### What this task involves:
Look in the listing below for the line that has "Achtergronden bureaublad Tuning", then return it and each following line up to and including the one with "SFShowcase_PR_MarinMagazine.png", exactly and without pictures.

### Listed entries:
——

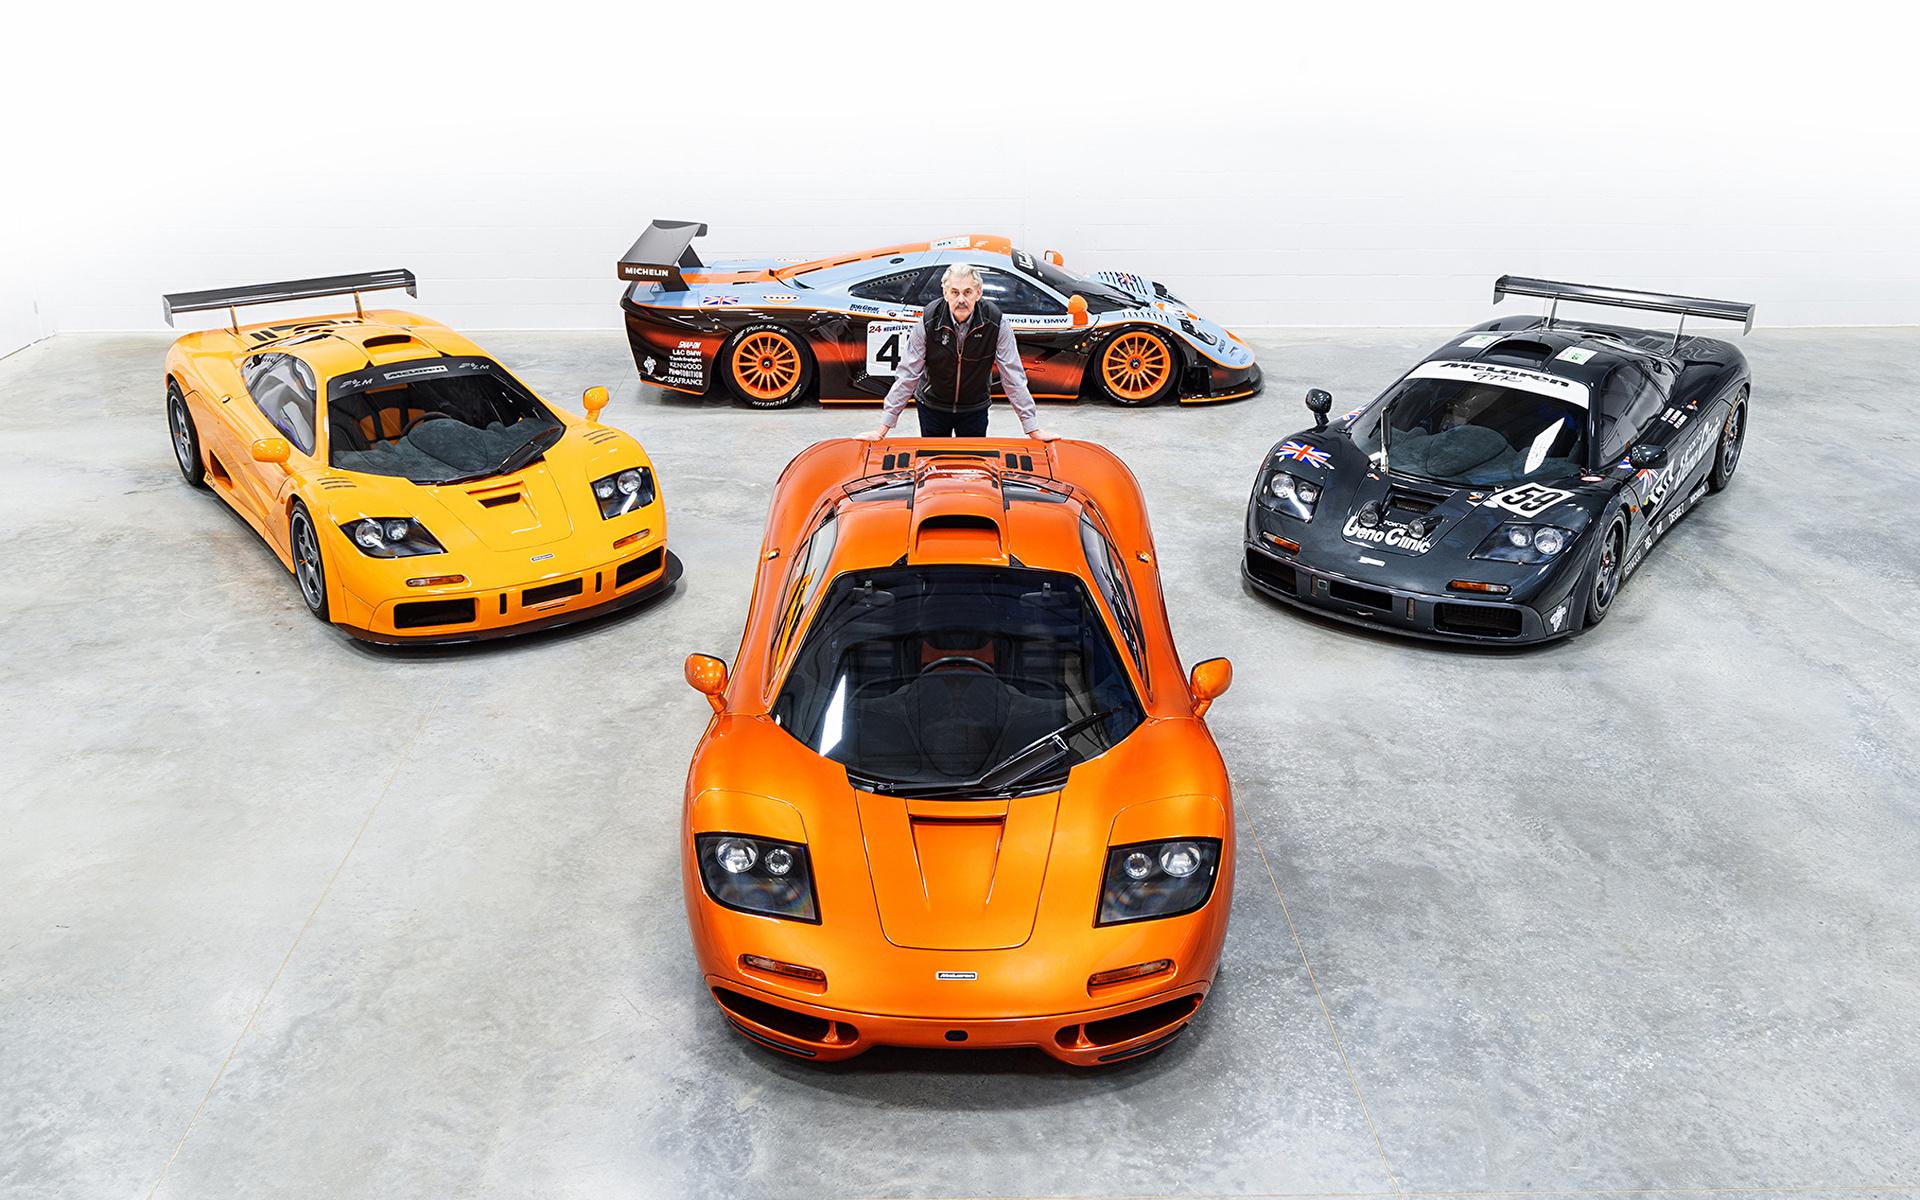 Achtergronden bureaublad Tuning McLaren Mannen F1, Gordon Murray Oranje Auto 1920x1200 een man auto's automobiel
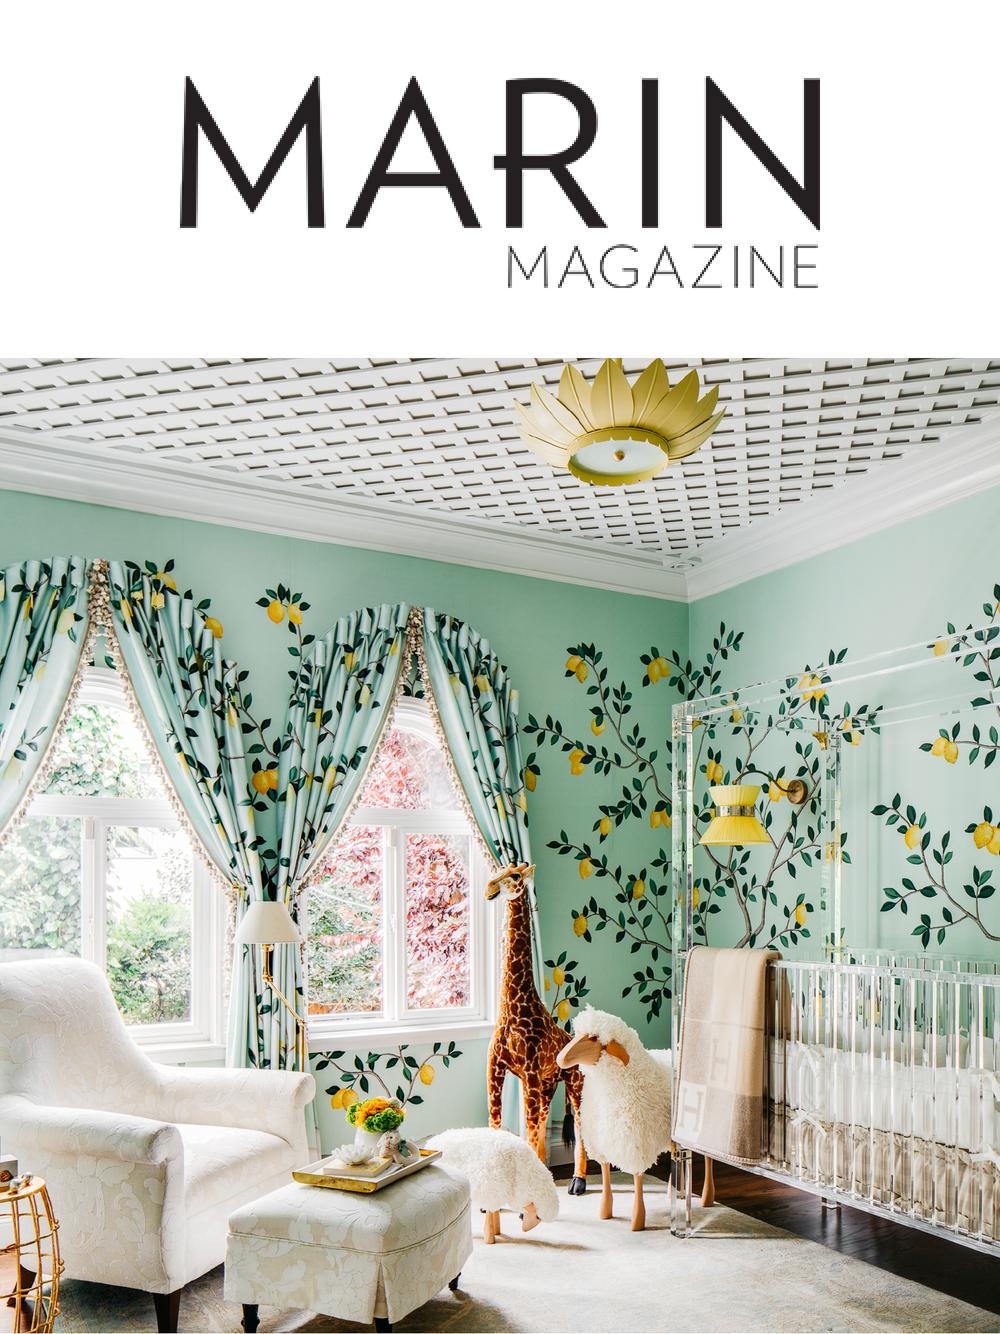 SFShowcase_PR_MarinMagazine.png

——

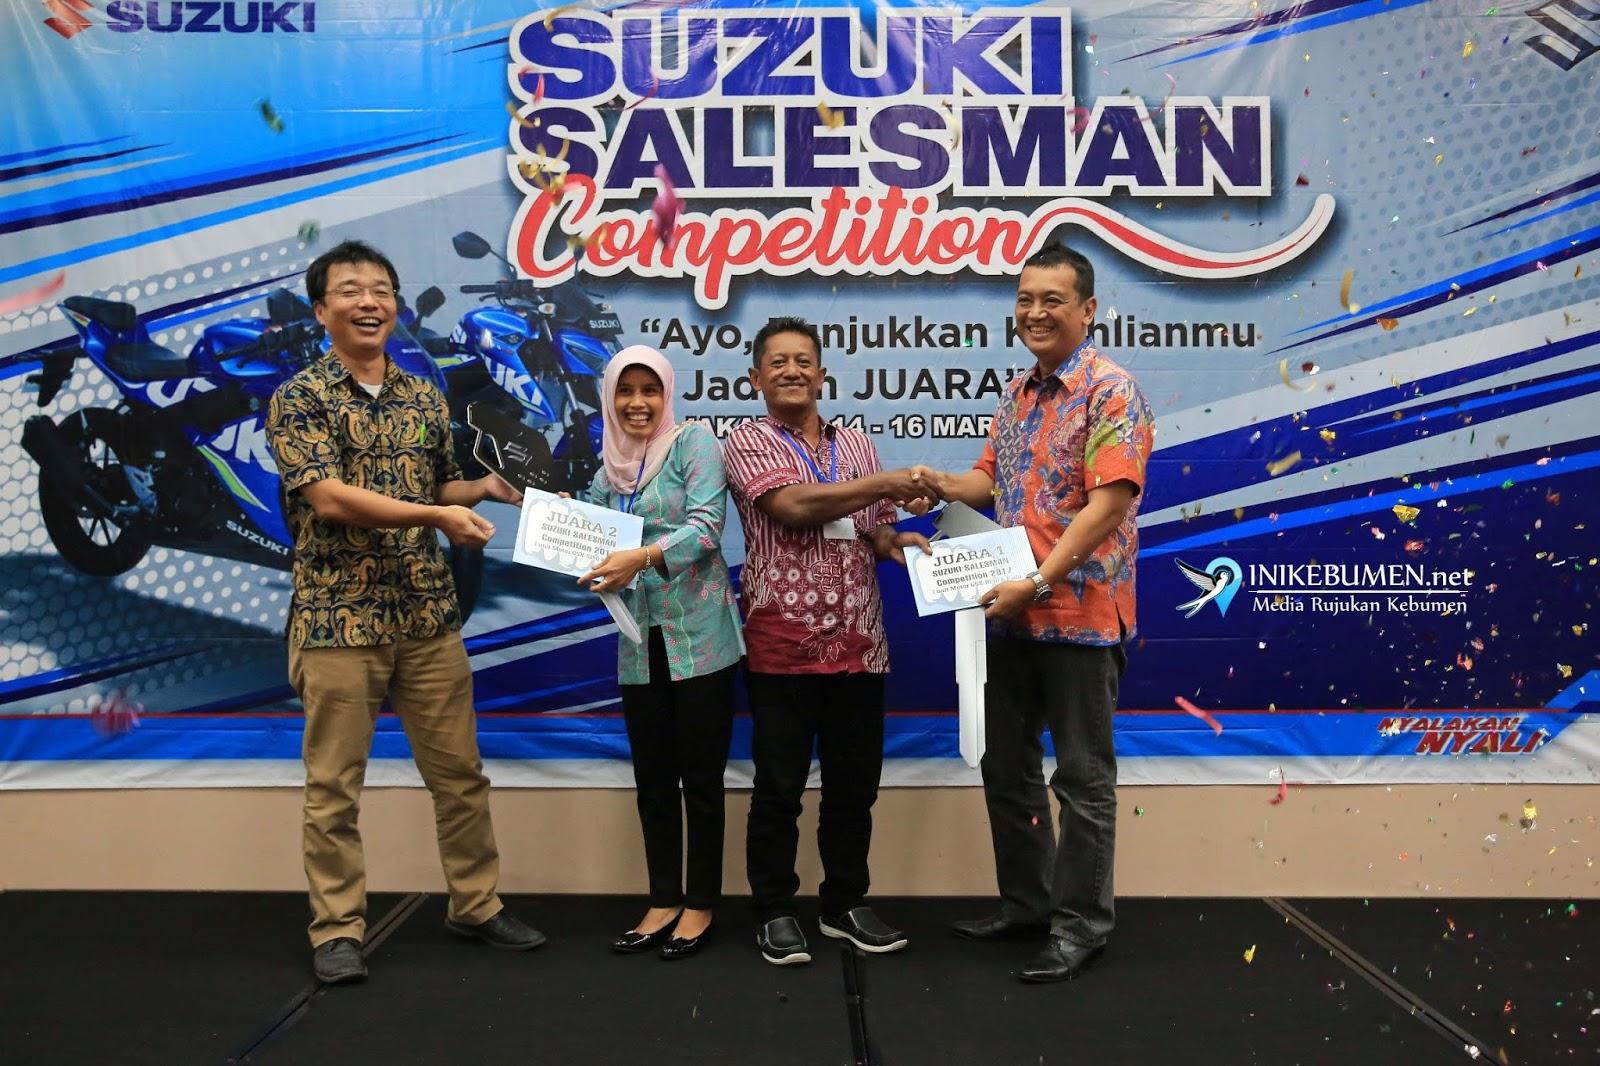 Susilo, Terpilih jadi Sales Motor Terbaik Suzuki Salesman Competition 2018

——

### Worked solution:
 Achtergronden bureaublad Tuning McLaren Mannen F1, Gordon Murray Oranje Auto 1920x1200 een man auto's automobiel
 SFShowcase_PR_MarinMagazine.png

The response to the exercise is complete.